Voskergian Daniel, Jayousi Rashid, Yousef Malik
Computer Engineering Department, Al-Quds University, Jerusalem, Palestine.
Computer Science Department, Al-Quds University, Jerusalem, Palestine.
Sci Rep. 2024 Oct 9;14(1):23516. doi: 10.1038/s41598-024-74022-2.

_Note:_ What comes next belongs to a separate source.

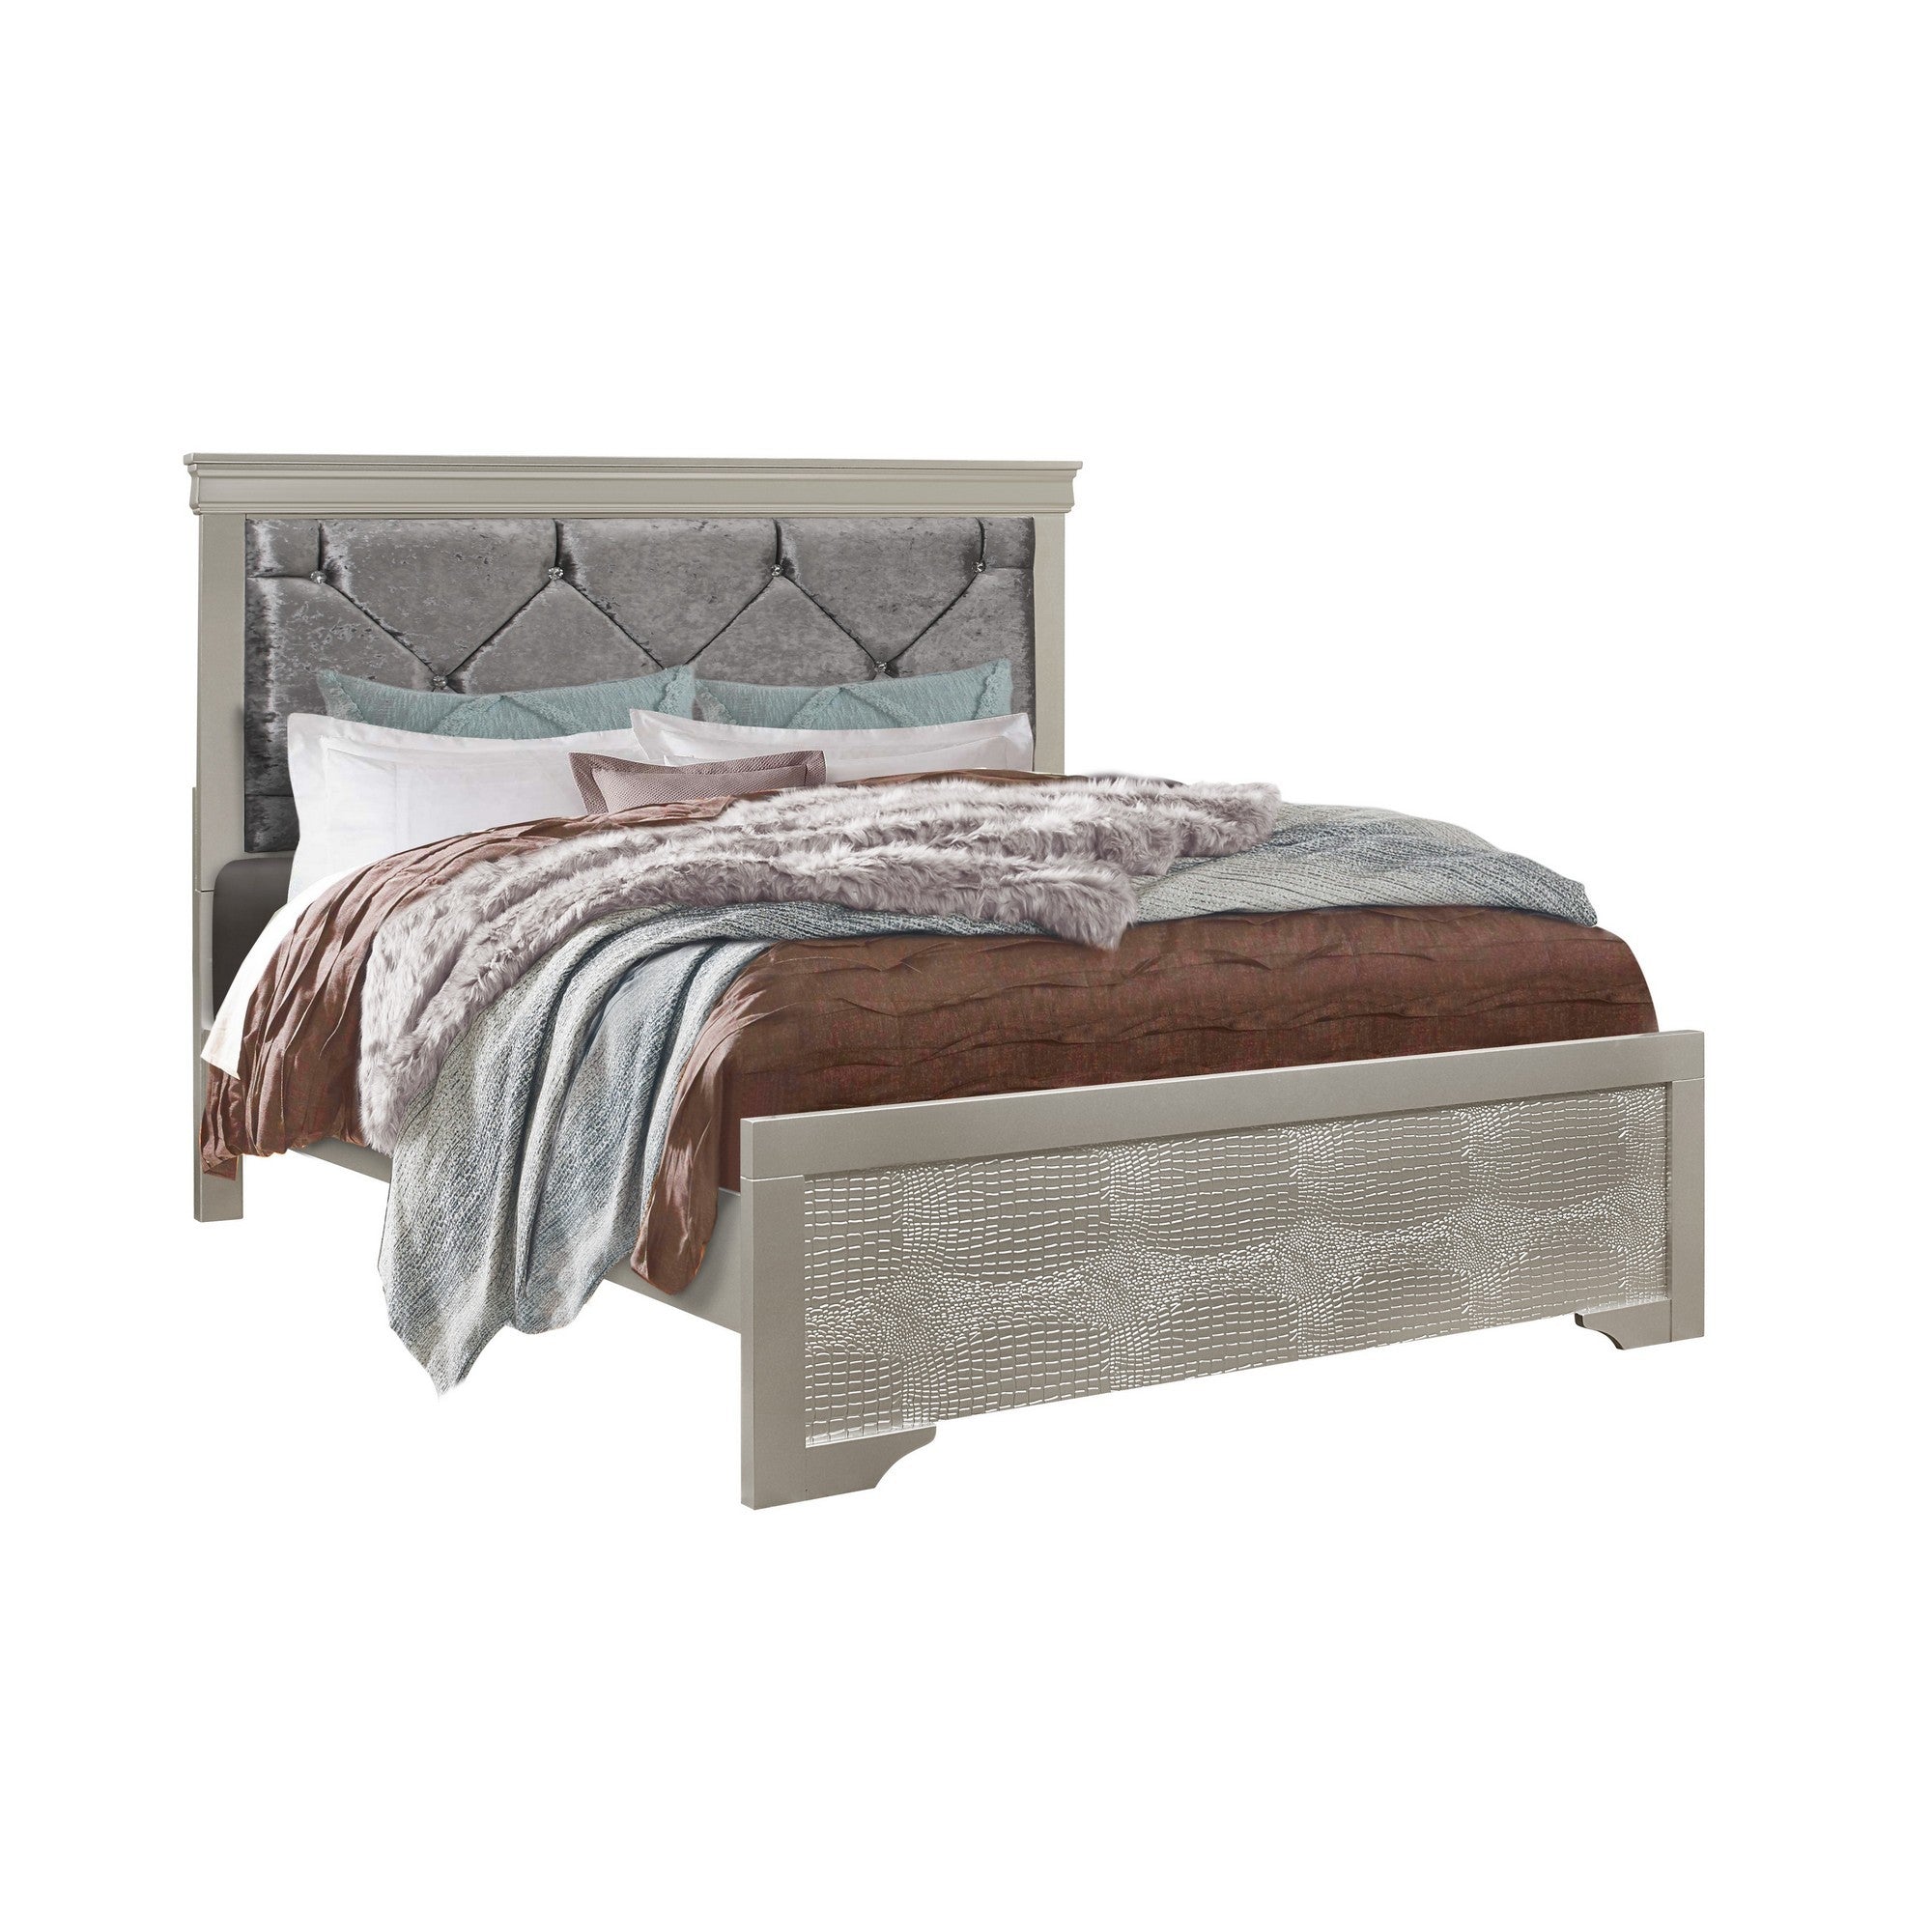 Silver Tone Rubberwood Full Bed with Clean Line Headboard and Footboard Default Title

TextNetTopics (Yousef et al. in Front Genet 13:893378, 2022. https://doi.org/10.3389/fgene.2022.893378 ) is a recently developed approach that performs text classification-based topics (a topic is a group of terms or words) extracted from a Latent Dirichlet Allocation topic modeling as features rather than individual words. Following this approach enables TextNetTopics to fulfill dimensionality reduction while preserving and embedding more thematic and semantic information into the text document representations. In this article, we introduced a novel approach, the Ensemble Topic Model for Topic Selection (ENTM-TS), an advancement of TextNetTopics. ENTM-TS integrates multiple topic models using the Grouping, Scoring, and Modeling approach, thereby mitigating the performance variability introduced by employing individual topic modeling methods within TextNetTopics. Additionally, we performed a thorough comparative study to evaluate TextNetTopics' performance using eleven state-of-the-art topic modeling algorithms. We used the extracted topics for each as input to the G component in the TextNetTopics tool to select the most compelling topic model regarding their predictive behavior for text classification. We conducted our comprehensive evaluation utilizing the Drug-Induced Liver Injury textual dataset from the CAMDA community and the WOS-5736 dataset. The experimental results show that the Latent Semantic Indexing provides comparable performance measures with fewer discriminative features when compared with other topic modeling methods. Moreover, our evaluation reveals that the performance of ENTM-TS surpasses or aligns with the optimal outcomes obtained from individual topic models across the two datasets, establishing it as a robust and effective enhancement in text classification tasks.
TextNetTopics(Yousef等人,《Front Genet》,2022年第13卷:893378,https://doi.org/10.3389/fgene.2022.893378 )是一种最近开发的方法,它将基于文本分类的主题(主题是一组术语或单词)作为特征,这些主题是从潜在狄利克雷分配主题模型中提取的,而不是单个单词。采用这种方法能使TextNetTopics在降维的同时,将更多的主题和语义信息保留并嵌入到文本文档表示中。在本文中,我们介绍了一种新颖的方法,即用于主题选择的集成主题模型(ENTM-TS),它是TextNetTopics的改进。ENTM-TS使用分组、评分和建模方法集成多个主题模型,从而减轻了在TextNetTopics中采用单个主题建模方法所引入的性能可变性。此外,我们进行了全面的比较研究,使用十一种最先进的主题建模算法来评估TextNetTopics的性能。我们将为每个算法提取的主题作为输入,输入到TextNetTopics工具中的G组件,以根据它们对文本分类的预测行为选择最有说服力的主题模型。我们利用来自CAMDA社区的药物性肝损伤文本数据集和WOS-5736数据集进行了全面评估。实验结果表明,与其他主题建模方法相比,潜在语义索引在具有较少判别特征的情况下提供了可比的性能指标。此外,我们的评估表明,ENTM-TS的性能在两个数据集中都超过或与单个主题模型获得的最佳结果相当,这使其成为文本分类任务中一种强大而有效的改进方法。